Your task:
Any picture in the data below should be skipped, while every line is repeated exactly.

Dataset excerpt:

□ □ □ □ □ □ □

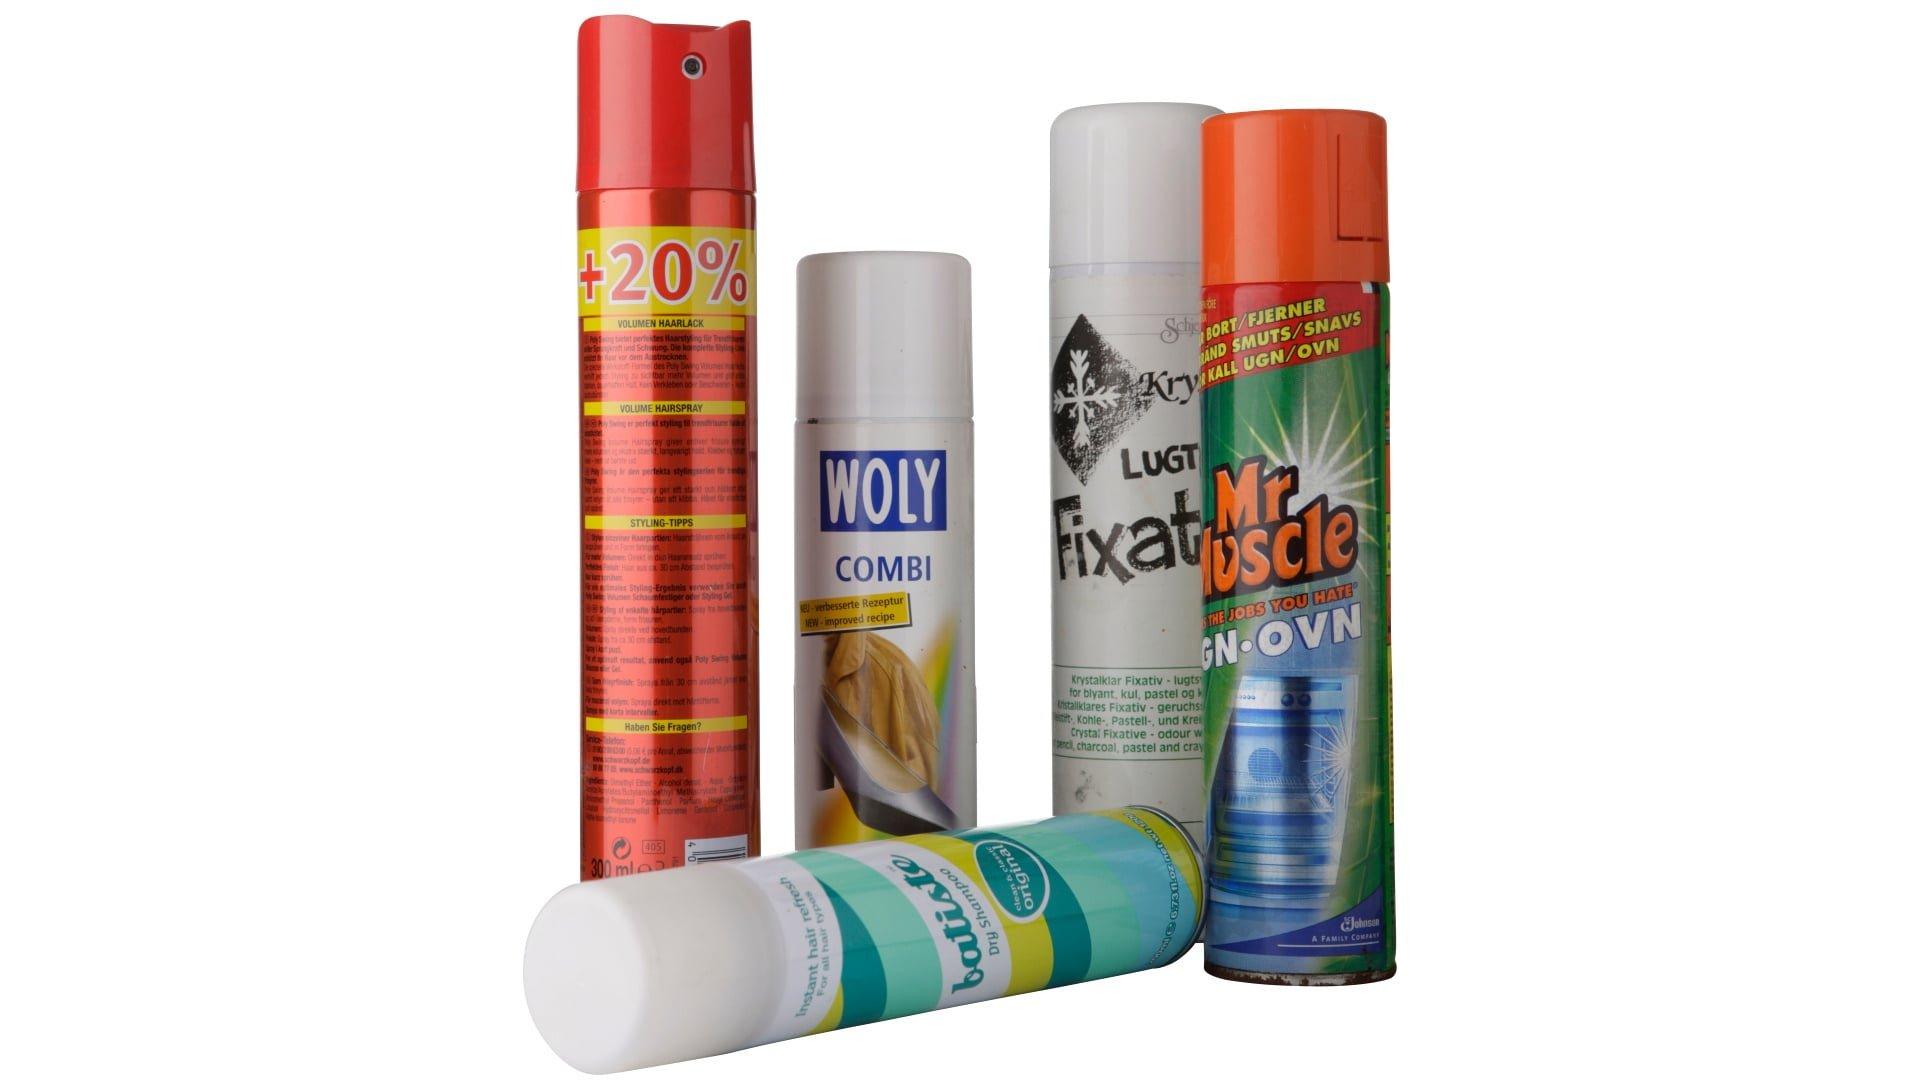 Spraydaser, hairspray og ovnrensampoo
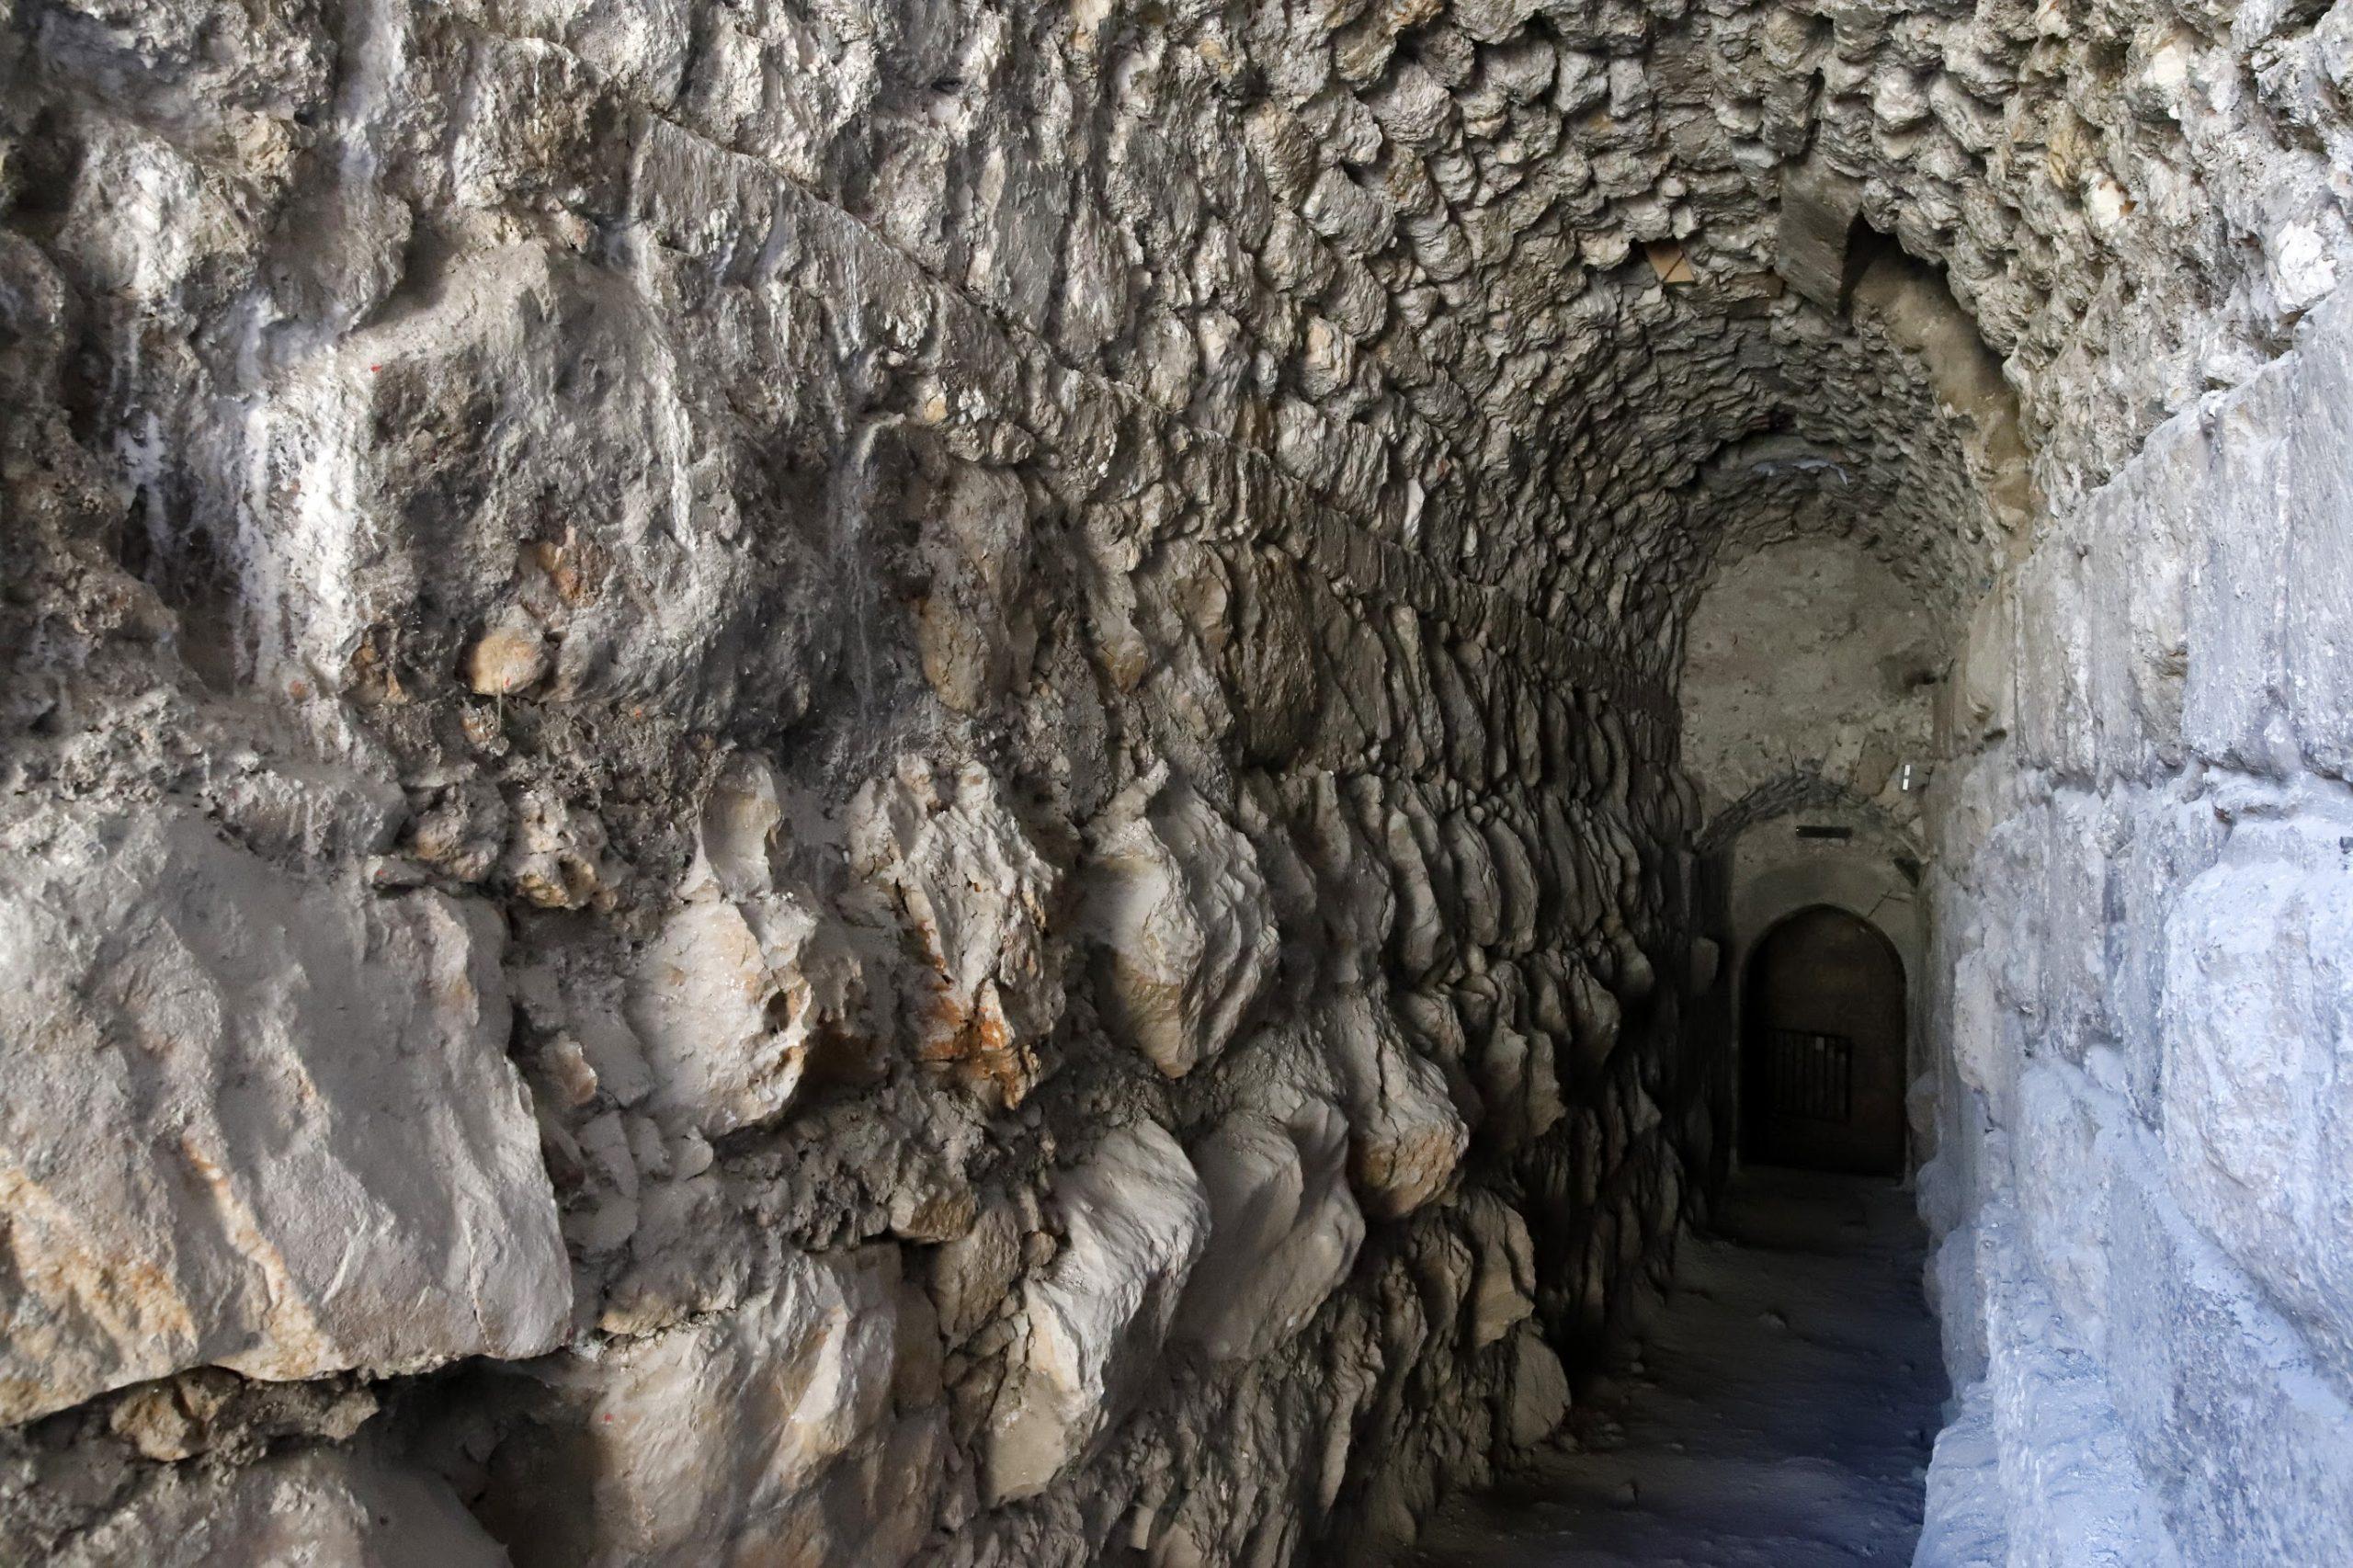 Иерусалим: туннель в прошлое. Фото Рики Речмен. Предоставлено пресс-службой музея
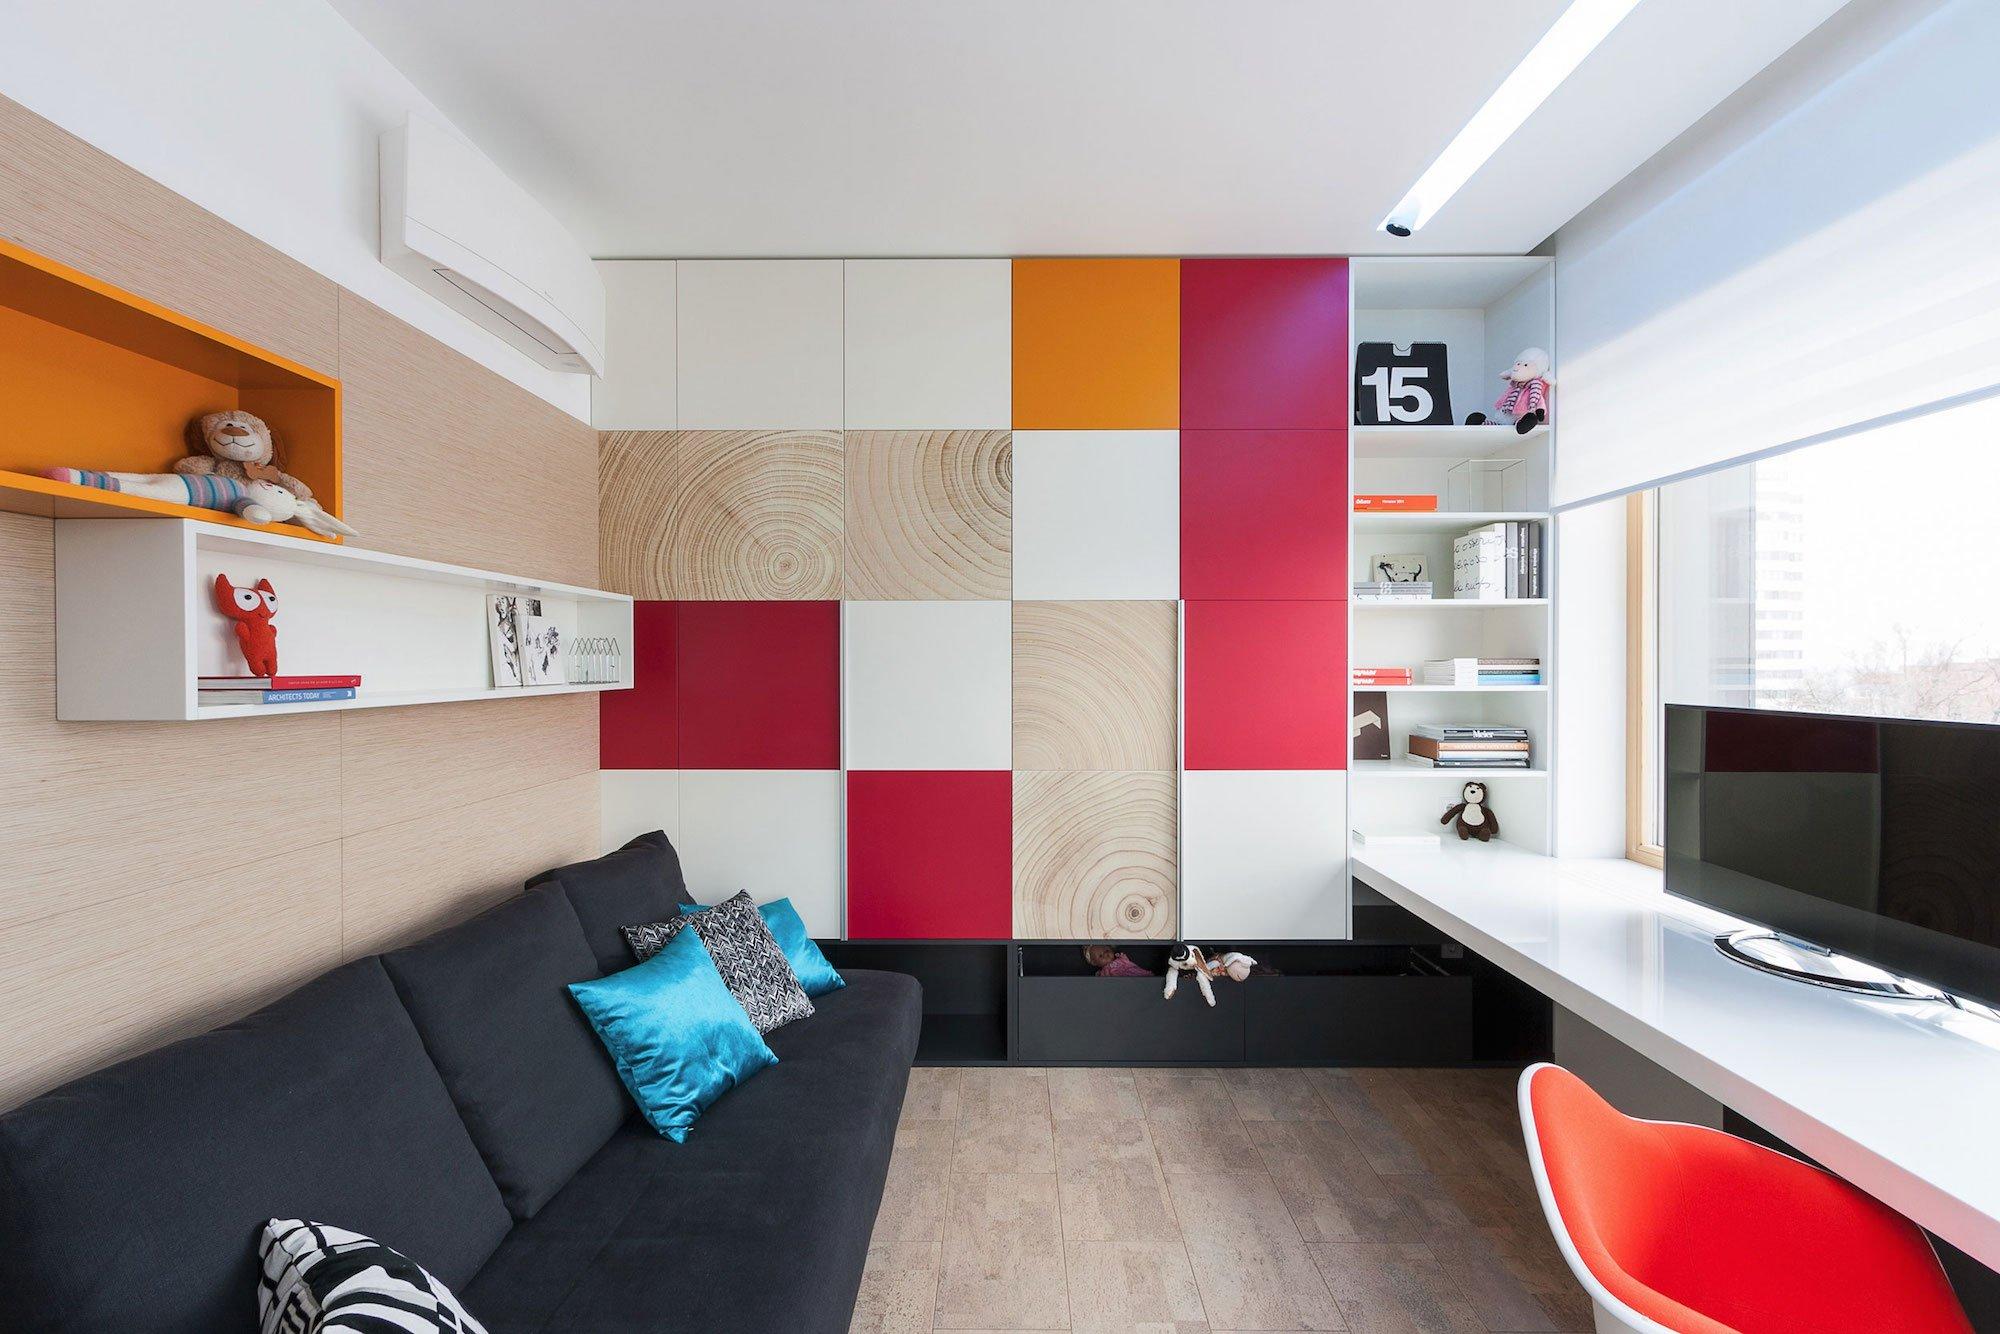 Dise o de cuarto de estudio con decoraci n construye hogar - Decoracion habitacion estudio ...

□ □ □ □ □ □ □

Answer box:
 Spraydaser, hairspray og ovnrensampoo
 Иерусалим: туннель в прошлое. Фото Рики Речмен. Предоставлено пресс-службой музея
 Dise o de cuarto de estudio con decoraci n construye hogar - Decoracion habitacion estudio ...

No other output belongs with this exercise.